Ian Babrou created ZOOKEEPER-1515:
-------------------------------------
Summary: Long reconnect timeout if leader failed.
Key: ZOOKEEPER-1515
URL: https://issues.apache.org/jira/browse/ZOOKEEPER-1515
Project: ZooKeeper
Issue Type: Bug
Components: leaderElection, quorum, server
Affects Versions: 3.3.5
Environment: Gentoo linux, but every environment is affected.
Reporter: Ian Babrou
In zookeeper 3.3.5 in file
src/java/main/org/apache/zookeeper/server/quorum/Learner.java:325 you may see
Thread.sleep(1000);
This is always happens after leader failure or restart. Zookeeper reelects new
leader and all followers try to connect to it. But first attempt always fails
because of "Connection refused":
{quote}
2012-07-23 18:55:48,159 - WARN [QuorumPeer:/0.0.0.0:2181:Learner@229] -
Unexpected exception, tries=0, connecting to web329.local/192.168.1.74:2888
java.net.ConnectException: Connection refused
at java.net.PlainSocketImpl.socketConnect(Native Method)
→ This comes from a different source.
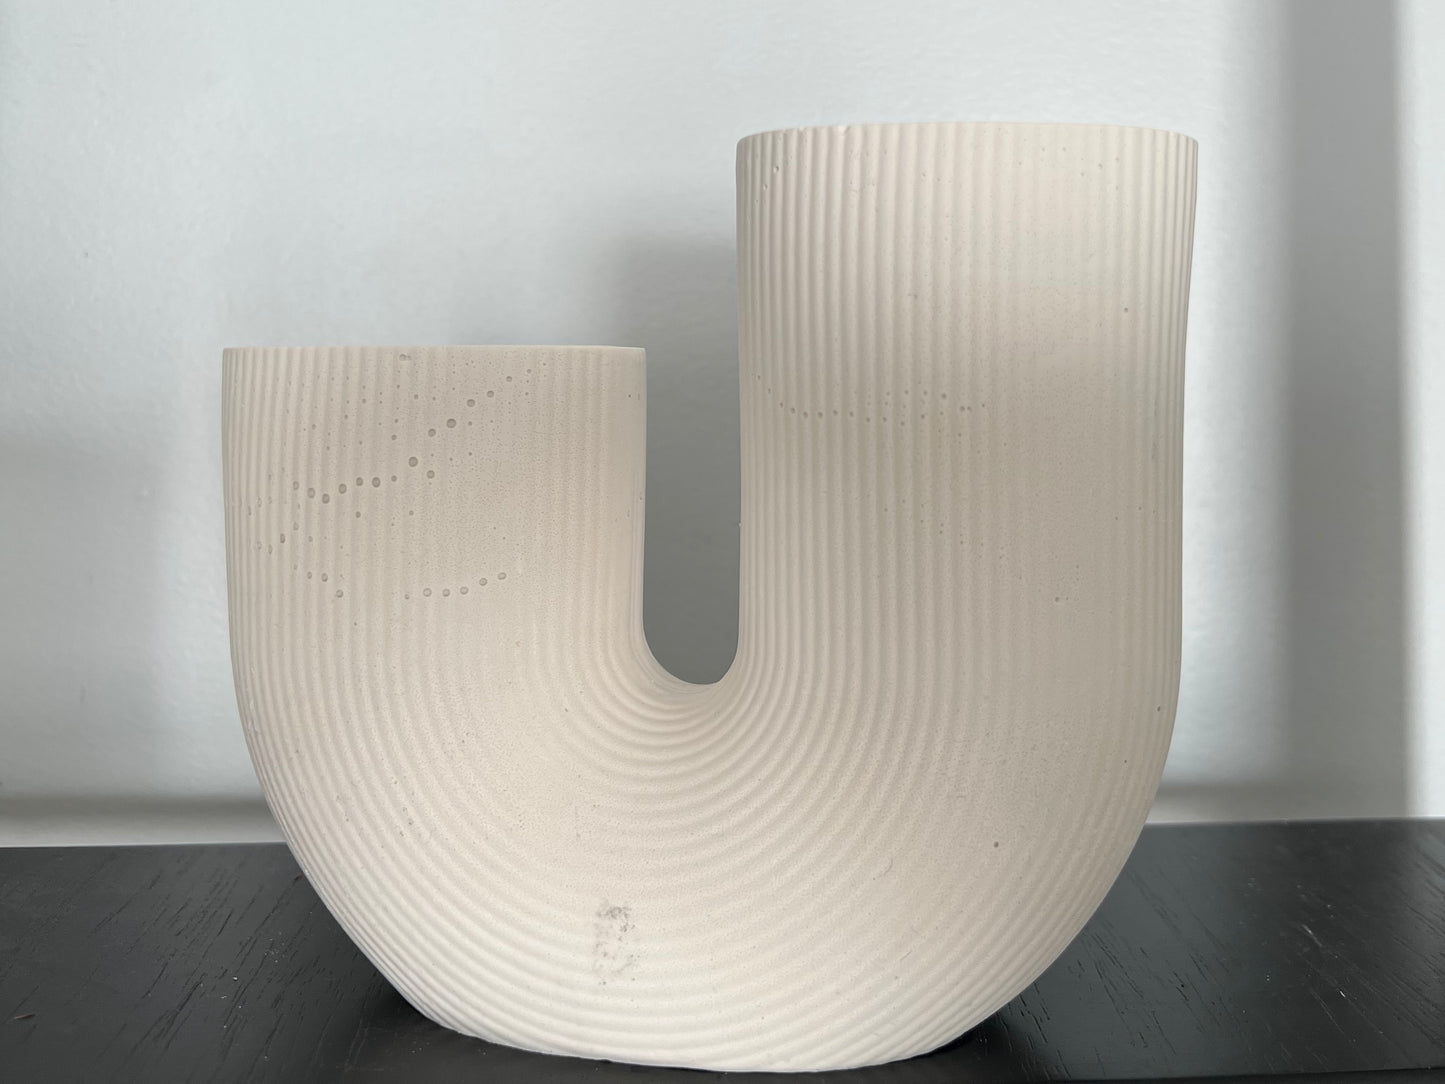 U-shaped vase

at java.net.PlainSocketImpl.doConnect(PlainSocketImpl.java:351)
at java.net.PlainSocketImpl.connectToAddress(PlainSocketImpl.java:213)
at java.net.PlainSocketImpl.connect(PlainSocketImpl.java:200)
at java.net.SocksSocketImpl.connect(SocksSocketImpl.java:366)
at java.net.Socket.connect(Socket.java:529)
at
org.apache.zookeeper.server.quorum.Learner.connectToLeader(Learner.java:221)
at
org.apache.zookeeper.server.quorum.Follower.followLeader(Follower.java:65)
at
org.apache.zookeeper.server.quorum.QuorumPeer.run(QuorumPeer.java:645)
{quote}
I propose to change this line to the next code:
{quote}
if (tries > 0) {
Thread.sleep(self.tickTime);
}
{quote}
This way first reconnect attempt will be done immediately, other will wait for
tick time (this is good semantic change, I suppose).
The result of this change - leader reelection time lowered from >1500ms to
300-400ms with 50ms tick time. This is pretty important for our production
environment and will not break any existing installations.
--
This message is automatically generated by JIRA.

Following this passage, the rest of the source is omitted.